Monday, June 27, 2011

Books as Spam

Book publishing is being overrun by spam.

The definitive news story on this topic this month is the Reuters story, “Spam clogging Amazon's Kindle self-publishing,” written by Alistair Barr. Though this story focuses on the flaws in Amazon’s ebook platform, the spam book phenomenon is by no means limited to ebooks or to Amazon. Ars Technica looked at some of the broader implications of the Reuters story, with screen pictures so you don’t have to imagine what Amazon is turning into.

Alas, this is a problem that has been creeping up on us for ages. “Never judge a book by its cover” is a folk saying addressing this topic that goes back long before I was born. The phenomenon of books as deceptive advertising hit its stride in the 1960s. I remember reading a thick paperback book published, I think, in 1963, when it sold for the then hefty price of 75¢. It was supposedly a book about healthy living, and it sported some real information about food and weight-bearing exercise, but taken as a whole, it was an advertisement for the putative author’s line of “health food” chocolate bars.

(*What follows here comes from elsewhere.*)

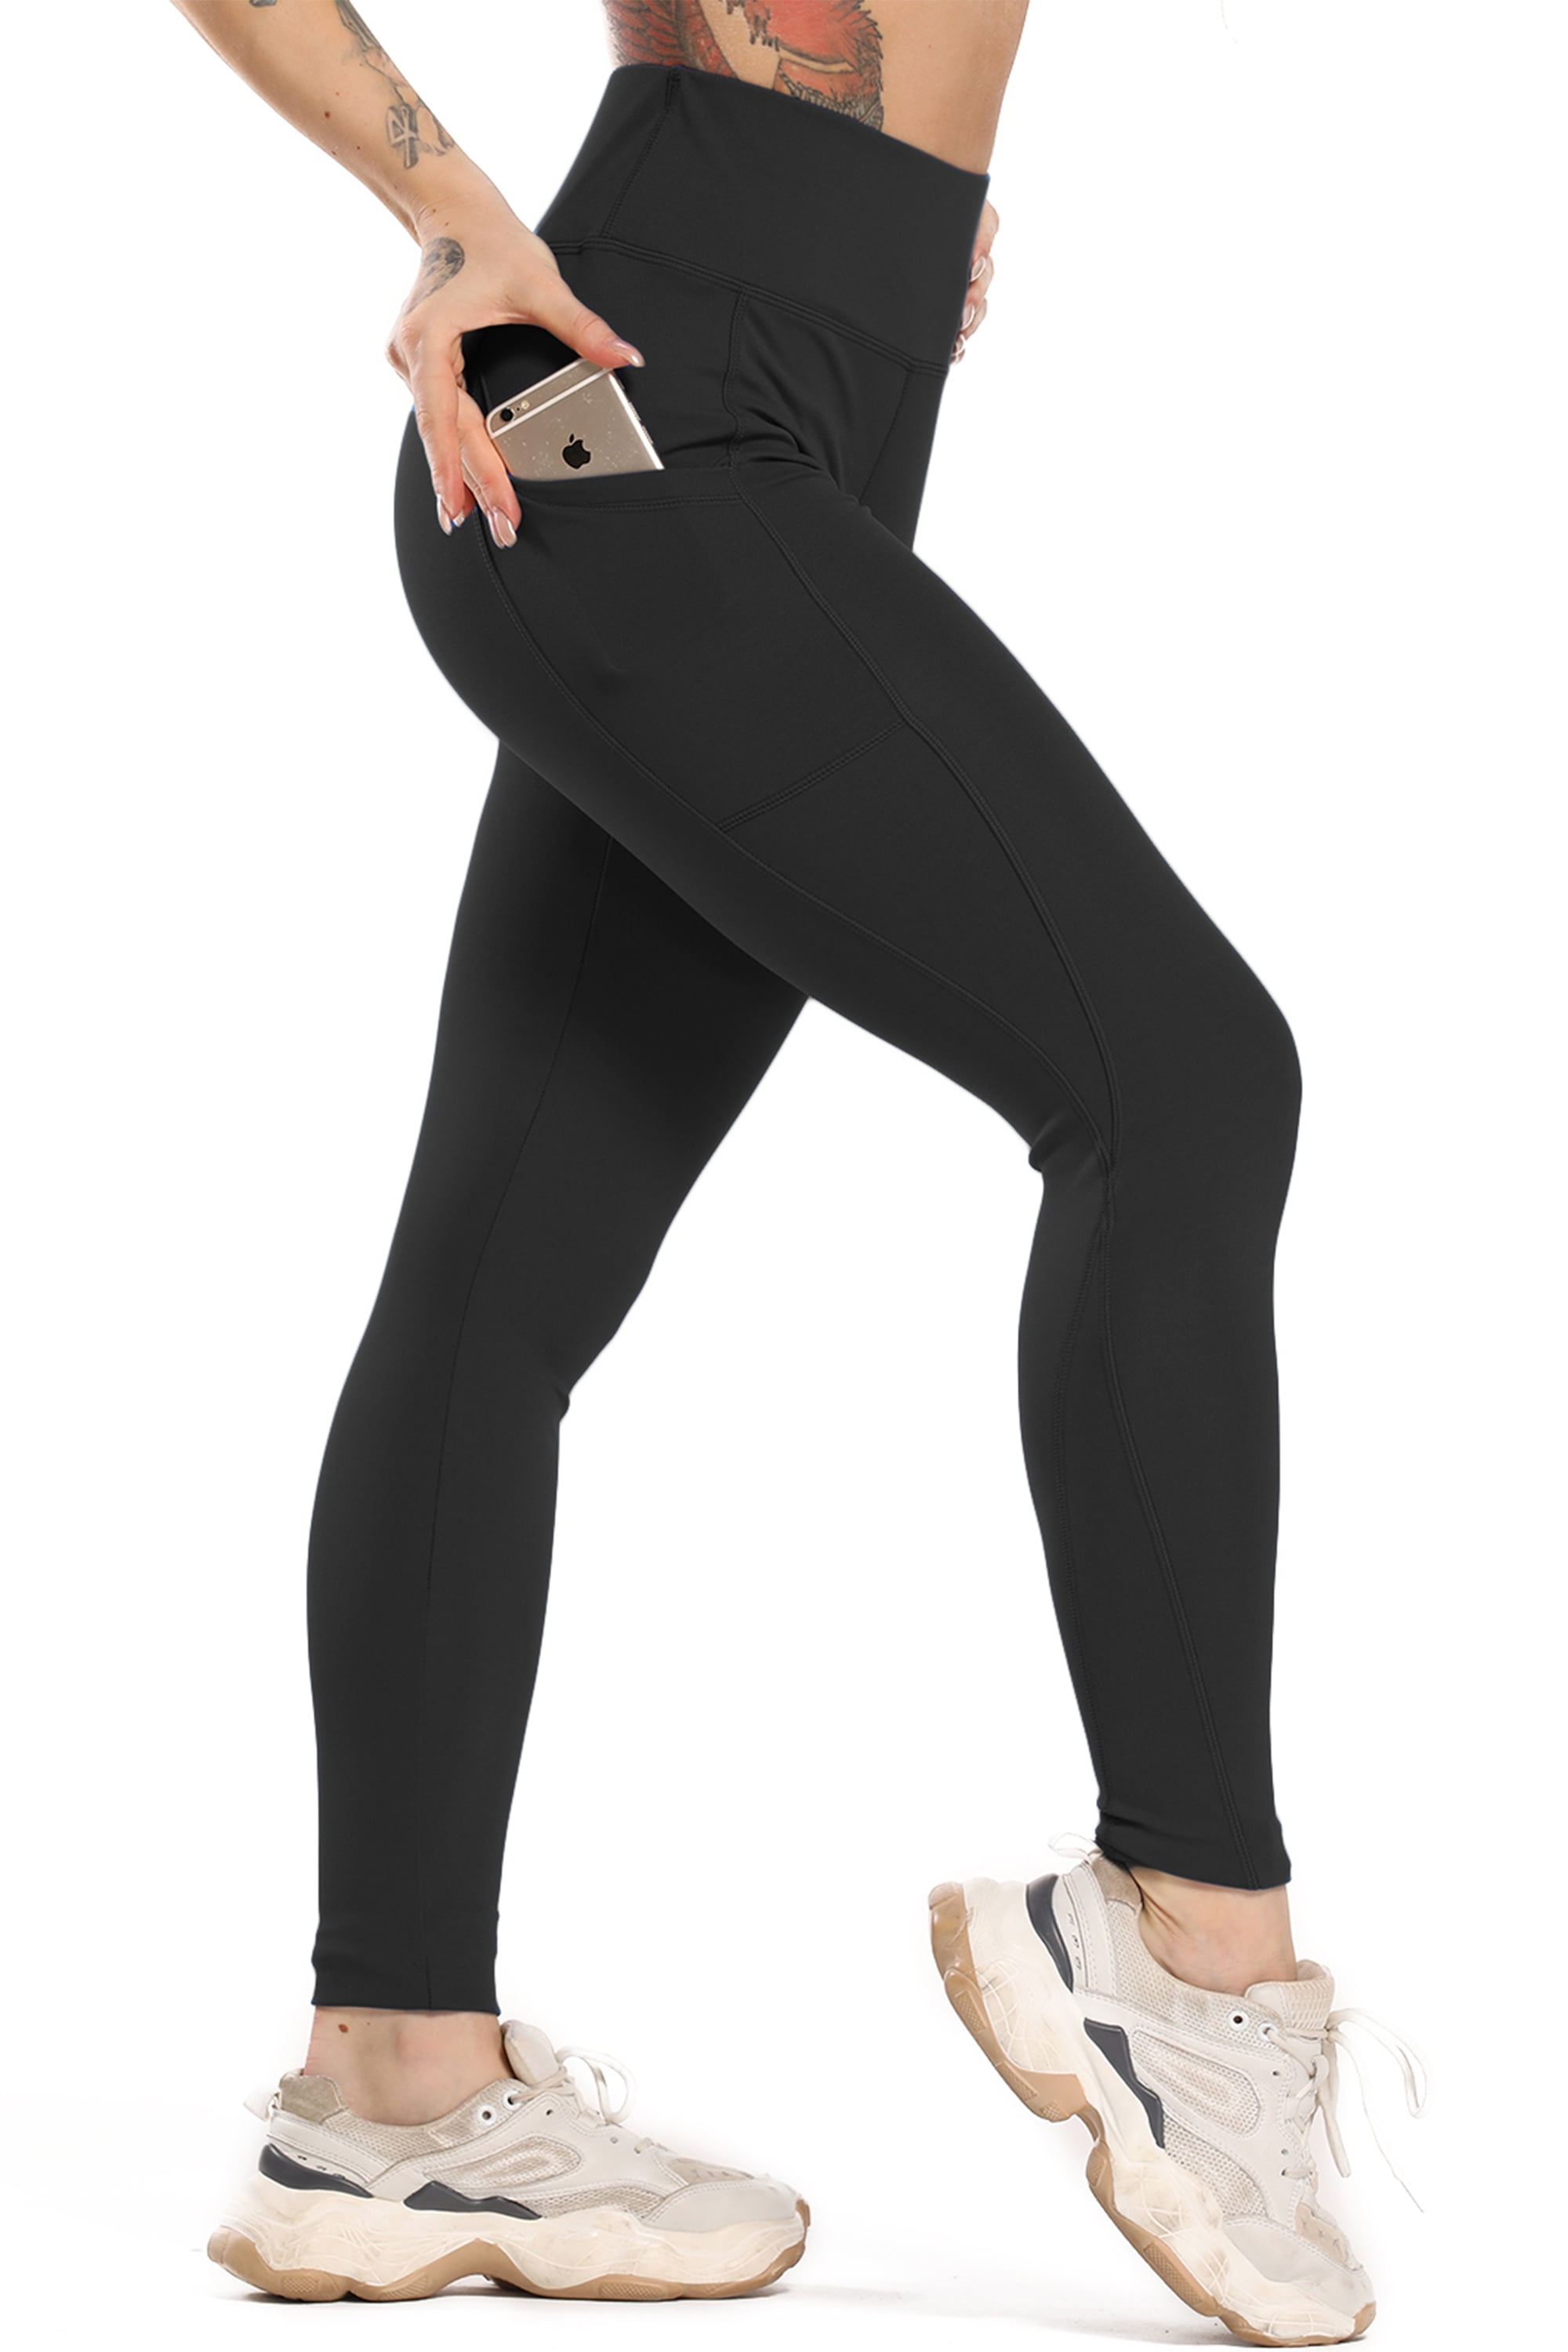  TURBOFIT Women's Yoga Leggings High Waist Tummy Control Leggings  for Women Non See Through Naked Feeling Workout Pants : Clothing, Shoes &  Jewelry

In the 1960s, this kind of book was slightly disreputable, but readers and book publishers put up with it because there weren’t so many people who had the writing skill to write a book at all. Flash forward to the recession of 2001-2002, and it became mandatory for a book author to have a “platform” — an ongoing business that could profit from the publicity surrounding the book, because the author certainly wasn’t going to make any money from the book itself. Book advances from major publishers had declined by then from the $3,000 that was common in the 1960s, theoretically enough for the author to live on while writing the book, to $500, not nearly enough to cover the author’s travel expenses while promoting the book. Most books don’t sell enough to earn royalty payments, and most authors know this, so if an author is going to spend her own money to promote a book, she has to have a business plan to profit from the publicity. Publishers insist on this now because they know from experience that authors who don’t have a platform tend not to do much to promote their books, and there is little that publishers can do without the authors. But the result of all this is that most books from well-known publishers are written with the promotional opportunity in mind. They are very carefully disguised advertisements. These books put the valuable content first to reward the reader, but the upsell is never far away.

In this context, it shouldn’t be shocking if most of the 99¢ ebooks — indeed, many of the $97 ebooks too — follow this same model, but are not so carefully done. Just as email spammers think nothing of sending 100 email messages to 10 million recipients each just to see which marketing message works, ebook spammers will create a disposable author identity and create 10 to 20 ebooks credited to that pen name in an afternoon just to see if any sales result. Amazon has been hit hardest with spam books, according to the Reuters story,

clogging the online bookstore of the top-selling eReader with material that is far from being book worthy and threatening to undermine Amazon.com Inc’s publishing foray.

But the whole book business is suffering from the same effect. Book prices haven’t gone up in the last 11 years (with some exceptions, such as textbooks) mainly because readers are resisting higher prices. And why is that? Readers don’t like the feeling of paying $29.95 for a book only to discover that it contains only a single chapter of valuable information, a pattern that unfortunately describes most of the “platform” books published in recent years. This inability to raise prices is arguably the main reason why Borders and about half of independent bookstores have failed in the last decade.

Low-quality books are not just spam. Some are outright fakes. The Ars Technica story describes ebooks of content stolen from legitimate sources, purchased from content mills for as little as $7, even copied and pasted hundreds of times to pad the page count. Some books are falsely attributed to famous authors to try to draw more attention. Of course, these too are sloppier versions of tricks that major publishers have employed for decades. How many people have picked up a book with a famous name at the top of the front cover, failing to notice the words “with a foreword by” preceding the name? Or a 300-page book that turned out to consist mostly of appendixes?

Printed books will not hold up much better than ebooks, simply because any ebook can be printed and bound with minimal effort. If the idea of books as spam is so disconcerting, it is because we are used to the book industry providing a base level of quality for books. That is breaking down in multiple ways and we have to do our own checking. In the long run, we will need a social network to vouch for the legitimacy of any purchased content, including books.